Continue to breathe slowly. Imagine that you have a snowball two inches behind your belly button. As you breathe in, imagine the liquid (chi) is gathering at this focus point. As you exhale, picture the chi compacting into a snowball. Repeat this process for 5-10 breaths.

This focus point is called dan tien and is the Taoist center of energy for your body. Gathering and storing chi here will give you extra energy for the rest of the day. Doing this every day is said to have many profound effects, but I’ll let you discover those on your own.

Now, Get Back to Work – Or Read Other Stuff

We’re not paying you to reach enlightenment, buddy. You have TPS reports to file.

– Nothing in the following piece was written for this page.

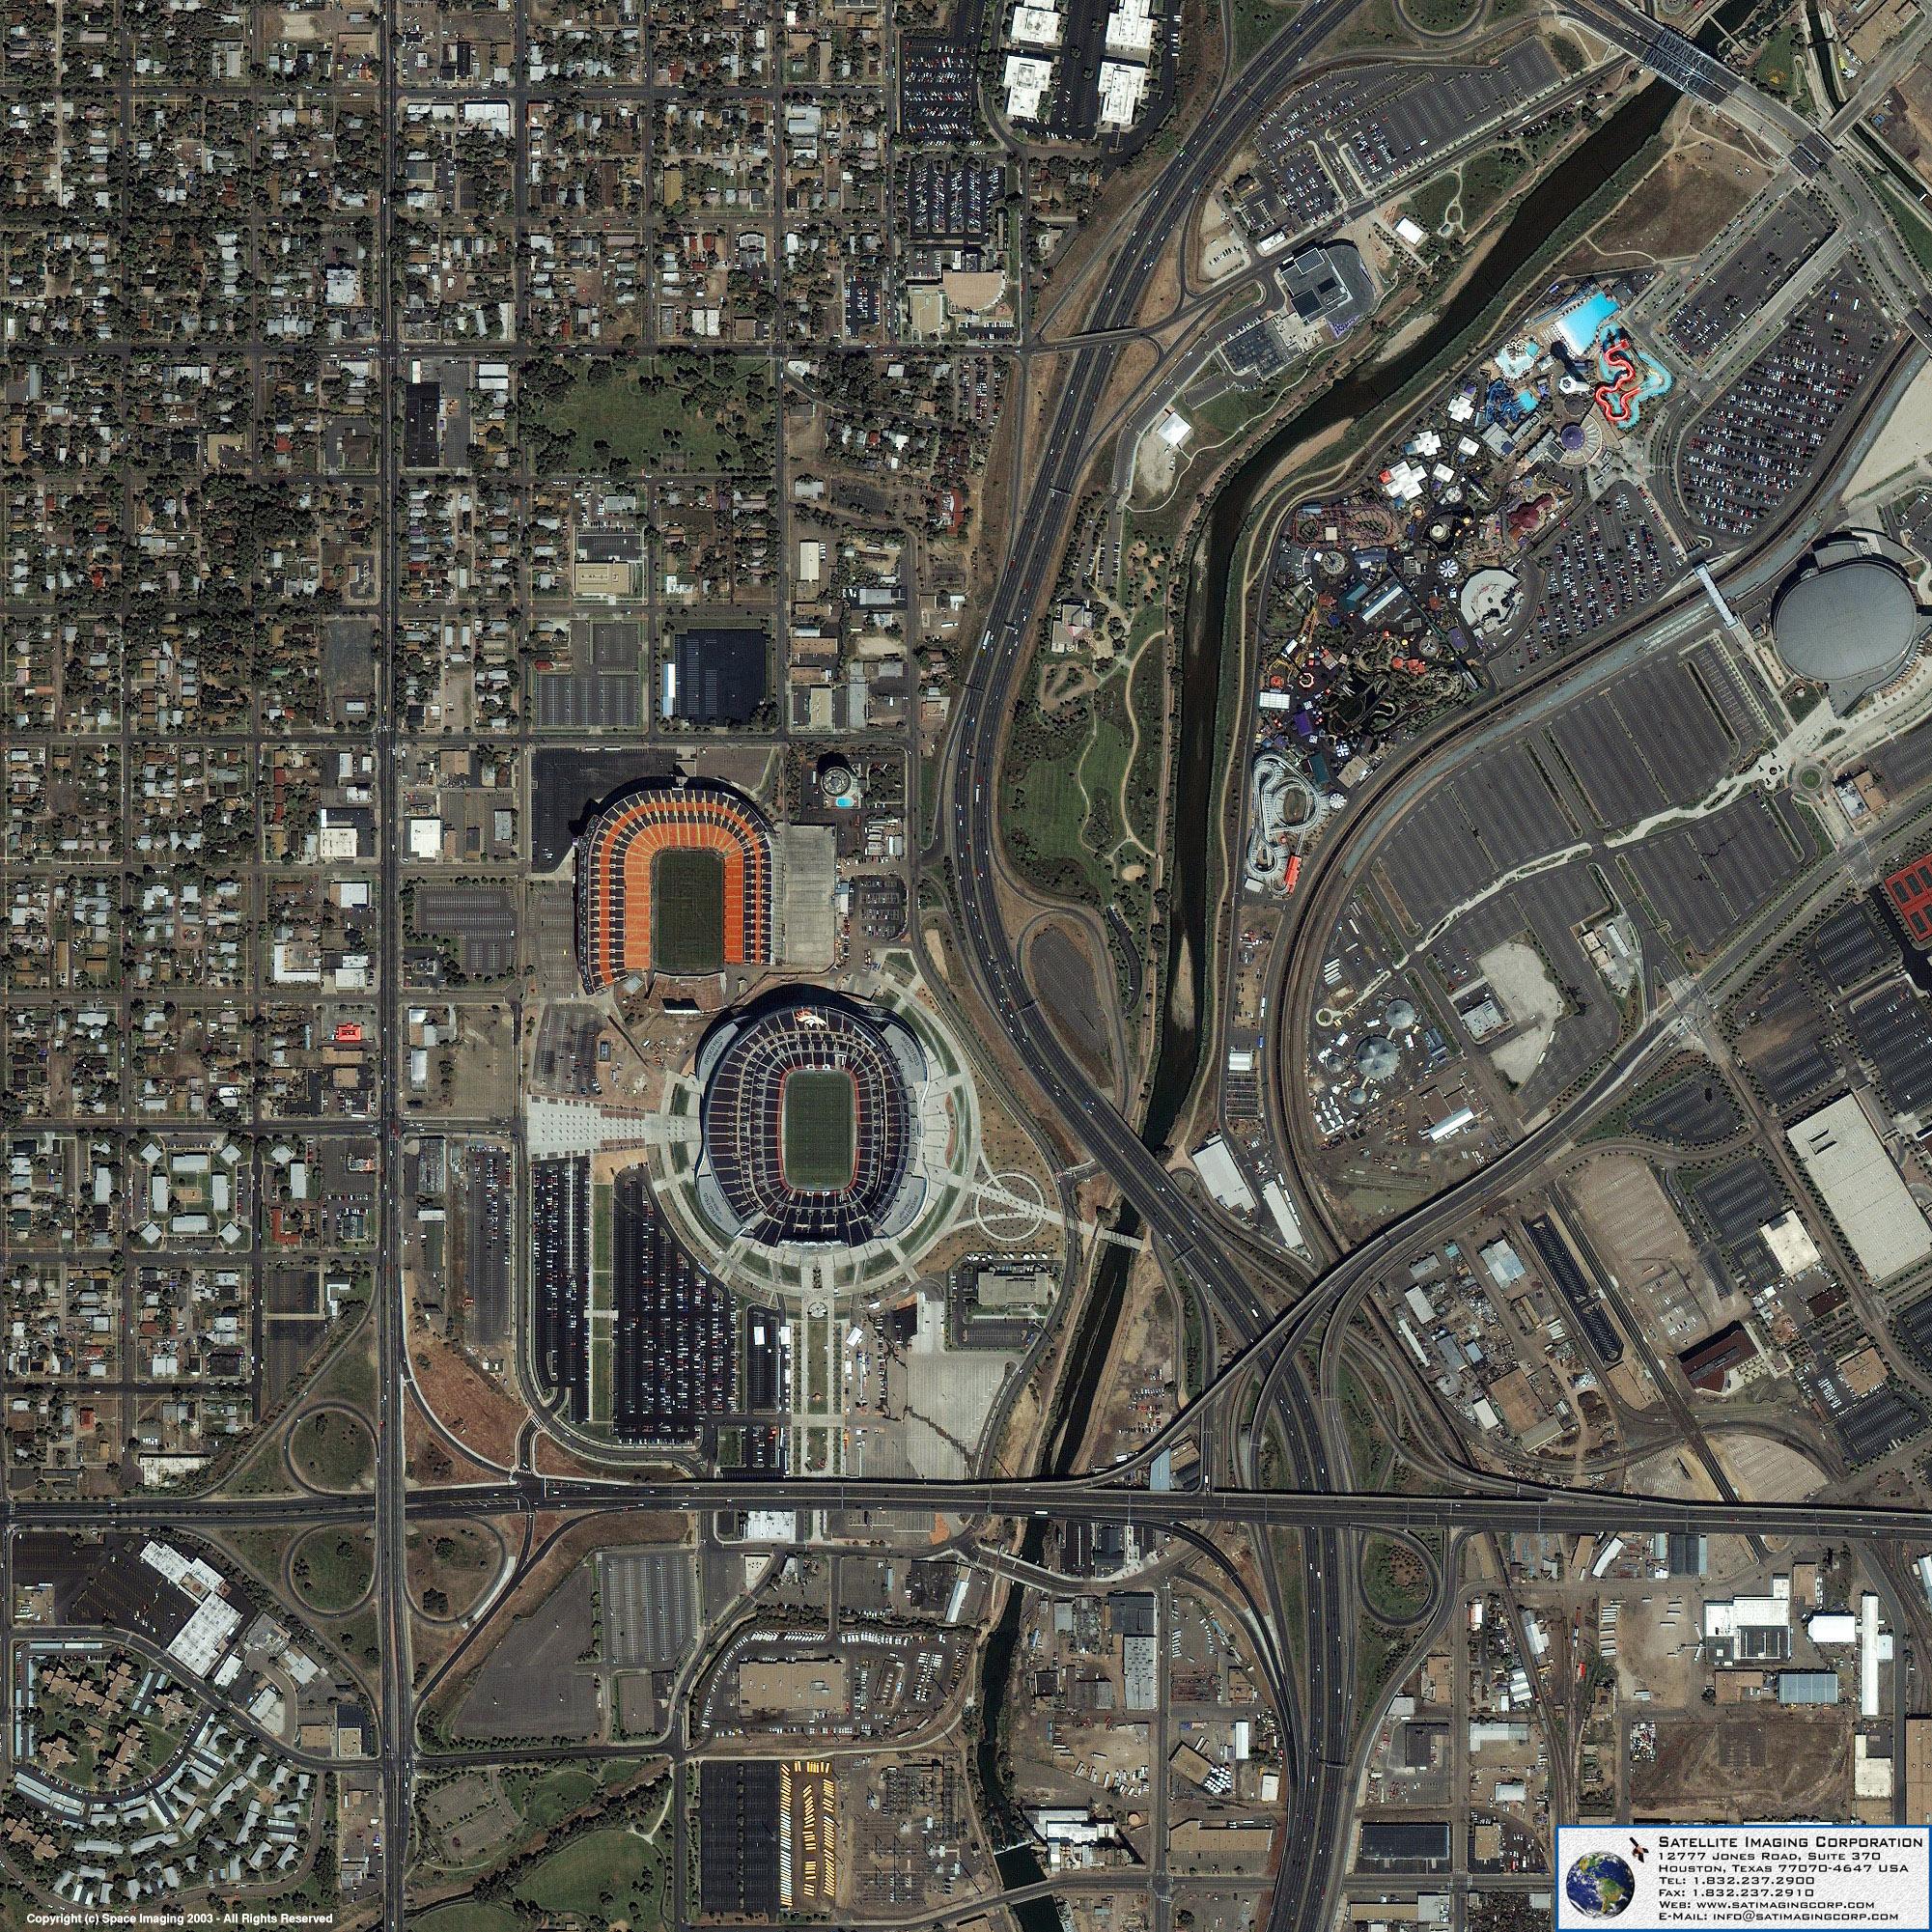 IKONOS Satellite Image Of Denver Colorado Satellite Imaging Corp - Satelite image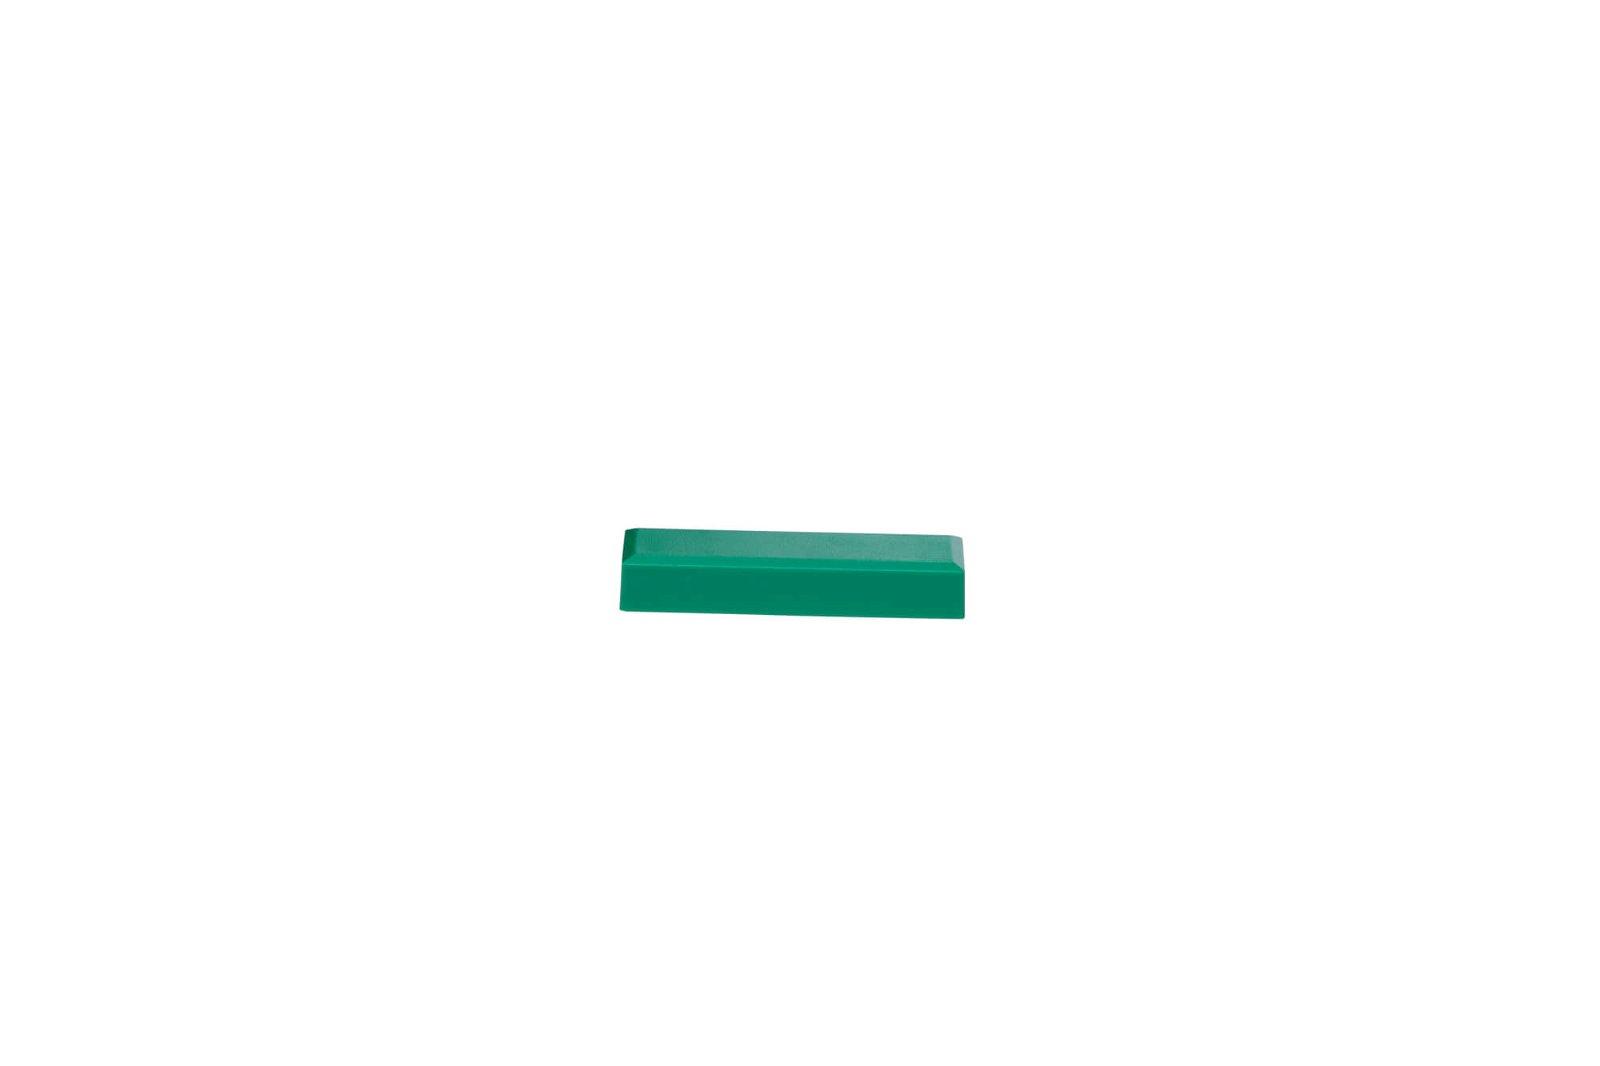 Facetterand-Magnet MAULpro 53 x 18 mm, 1 kg, 20 St./Set, grün

Seriously though, make sure you don’t get in any trouble. If the coast is clear, you can learn more about the breathing technique we used here. Also, parts of this meditation are expanded upon here.

If you have to get back to work, practice tidbits of this meditation while you’re going about your business. Focus on the senses, connect with your chi and do some deep breathing.

This meditation takes elements of kung fu, yoga and their corresponding philosophies. I did this desk meditation all the time at office jobs and it helped me get through the day. I hope it helps you do the same.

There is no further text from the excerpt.